Since the uprising in northern Mali hundreds of thousands have sought refuge in neighboring countries such as Mauritania, Burkina Faso, Algeria, and Niger as the population braces the crackdown of the strict Islamist groups that have taken power in the region. The urgency of the matter is rapidly increasing as UN officials announce the rebel forces are compiling lists of unwed mothers, in order to continue their enforcement of their strict interpretation of Islamic code. Since taking power, reports from northern Mali of amputations, stoning, and executions have been commonplace. The risk of the radical fundamentalists maintaining their power and establishing a formidable ruling government is reason for great discomfort for governments in the region as well as around the globe.

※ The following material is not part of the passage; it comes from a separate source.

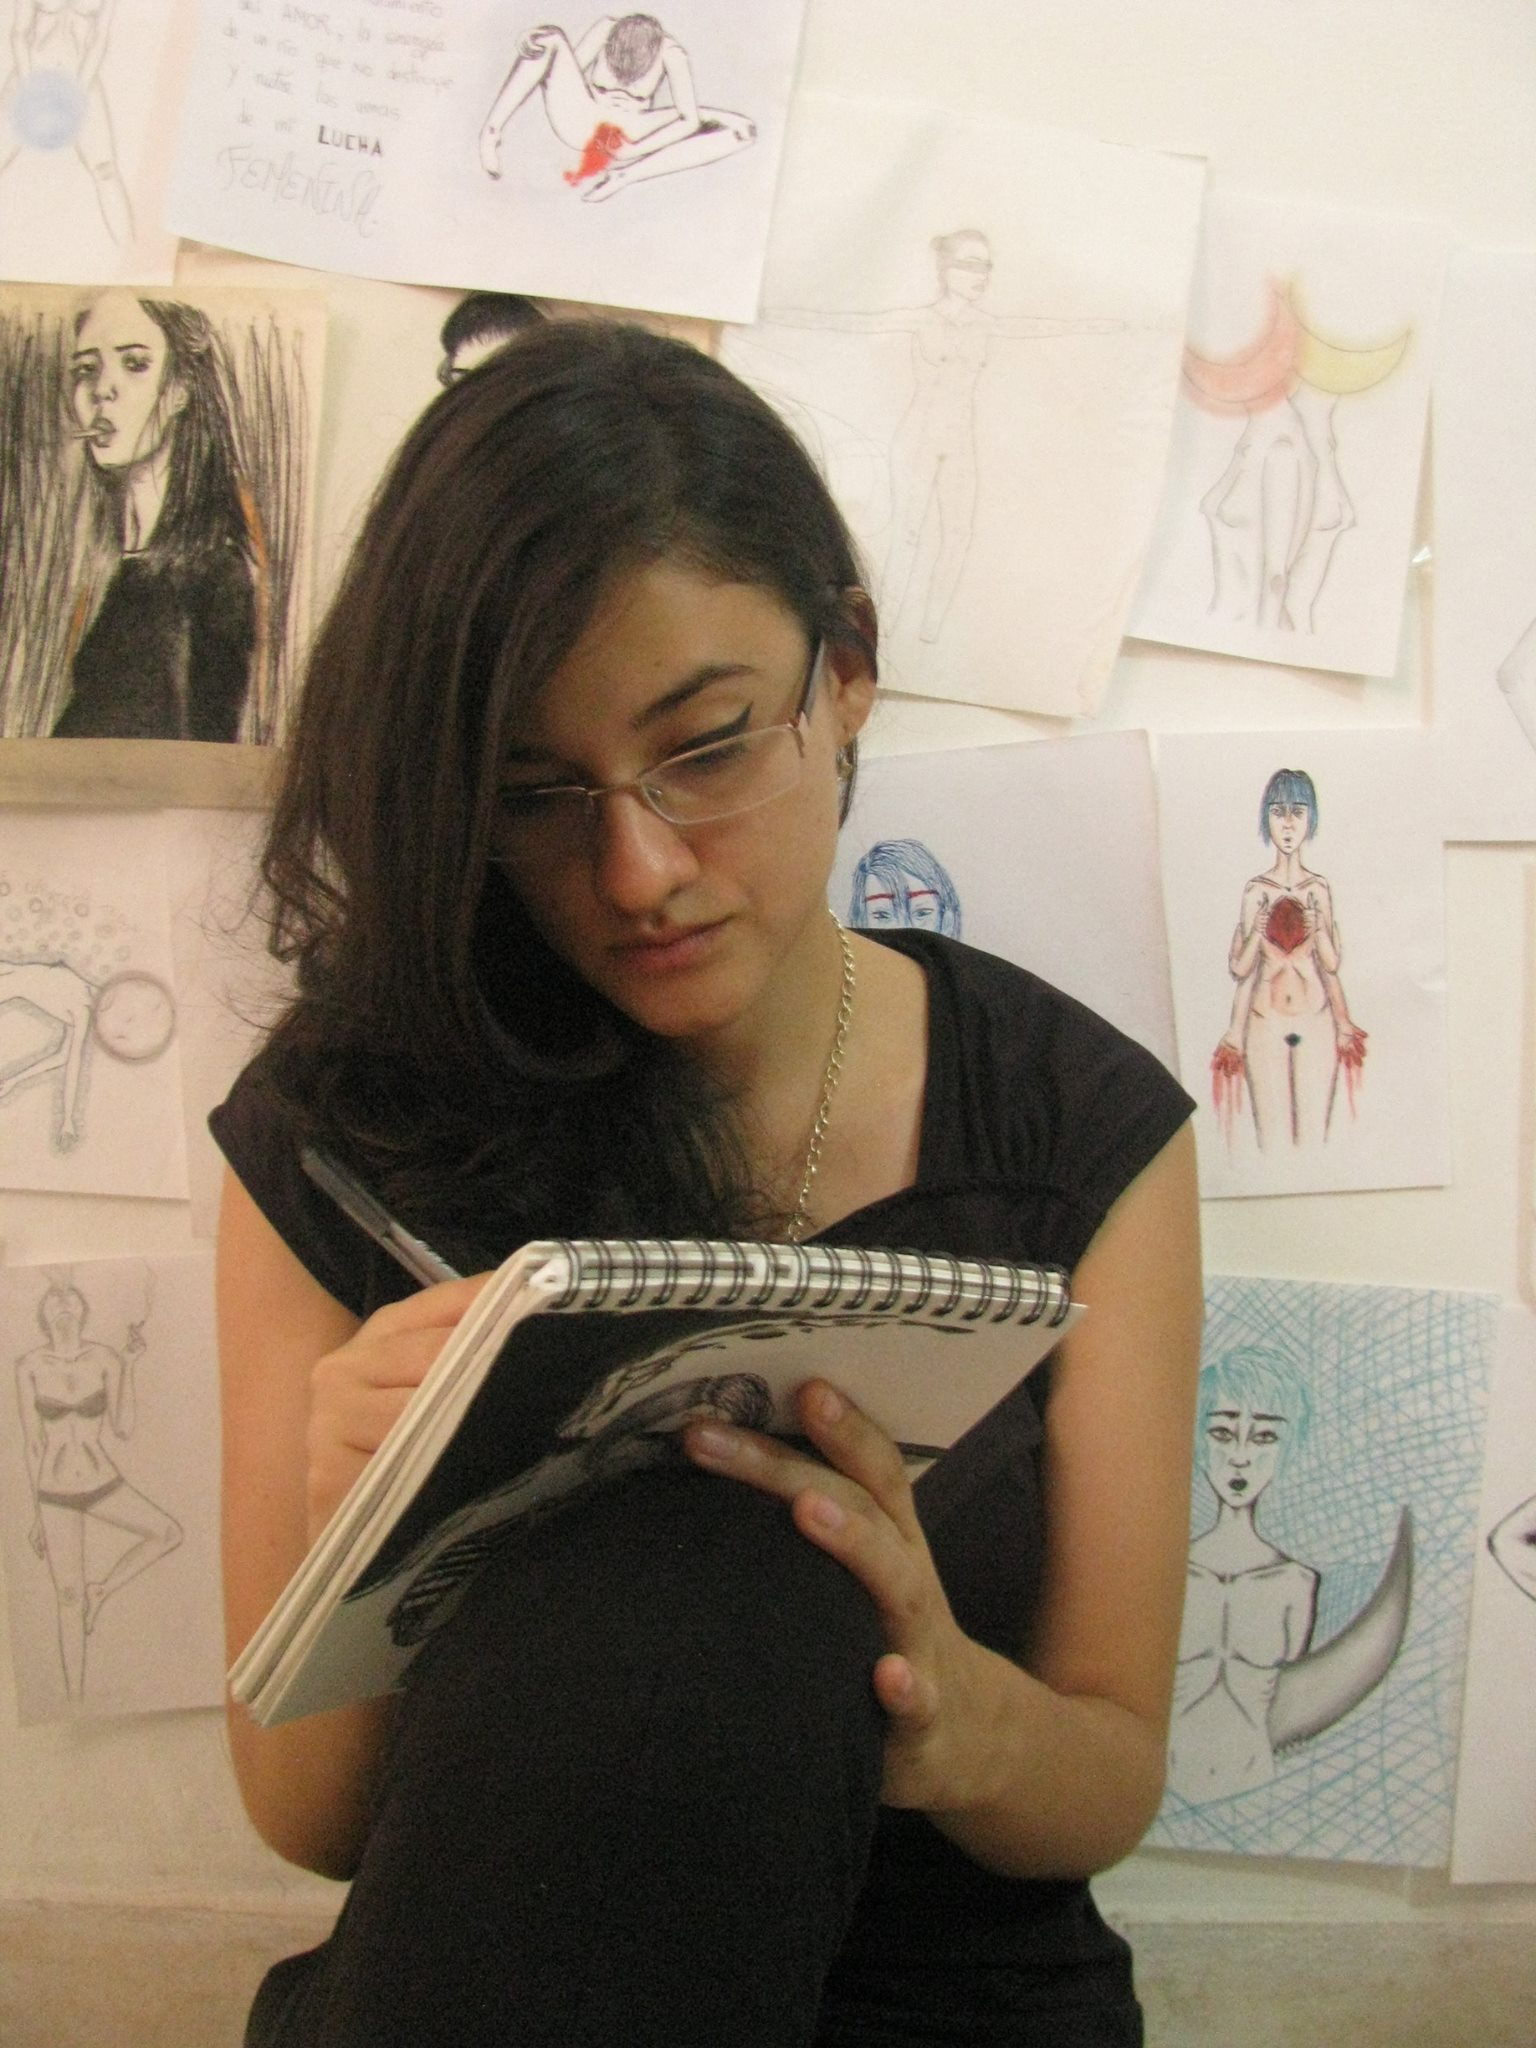 Antología de nóveles escritores (Maria Alejandra Rodríguez Gutiérrez: Prosa)

In order to counter this growing threat, the Economic Community for West African States has requested UN Security Council approval to deploy forces to Mali. President Francois Hollande of France has ordered French surveillance drones to the region in order to assist the ECOWAS forces that will soon be on the offensive in north Mali. Many fear that the Sahel will become a training ground for terrorists much like Afghanistan in the 1990’s and early 2000’s.
The rise of the radical Islamists in northern Mali has been attributed by many to the destabilization of Libya. This fear became all the more prevalent after the terrorist strike on the United States Embassy in Libya killing four Americans including the United States Ambassador Chris Stevens. Mali has been gaining increasing attention abroad, even mentioned in the October 22nd presidential debate by presidential candidate Mitt Romney. Consideration has since been focused by the United States on providing West African nations and France with advisors while maintaining its belief that France must maintain the role of leadership in the operation.
Bringing together and coordinating a unified military force to deploy seems to the greatest challenge at this point, as military action is being postponed until mid-2013. The high cost as well as the complexity of organizing such a force has many worried that the Islamists in the north have too much time to strengthen their position and expand their influence in the region. In the time being, diplomatic actions are being taken to attempt to split the northern Islamists’ alliance and reduce the impact of the oppressive sharia law that has been implemented.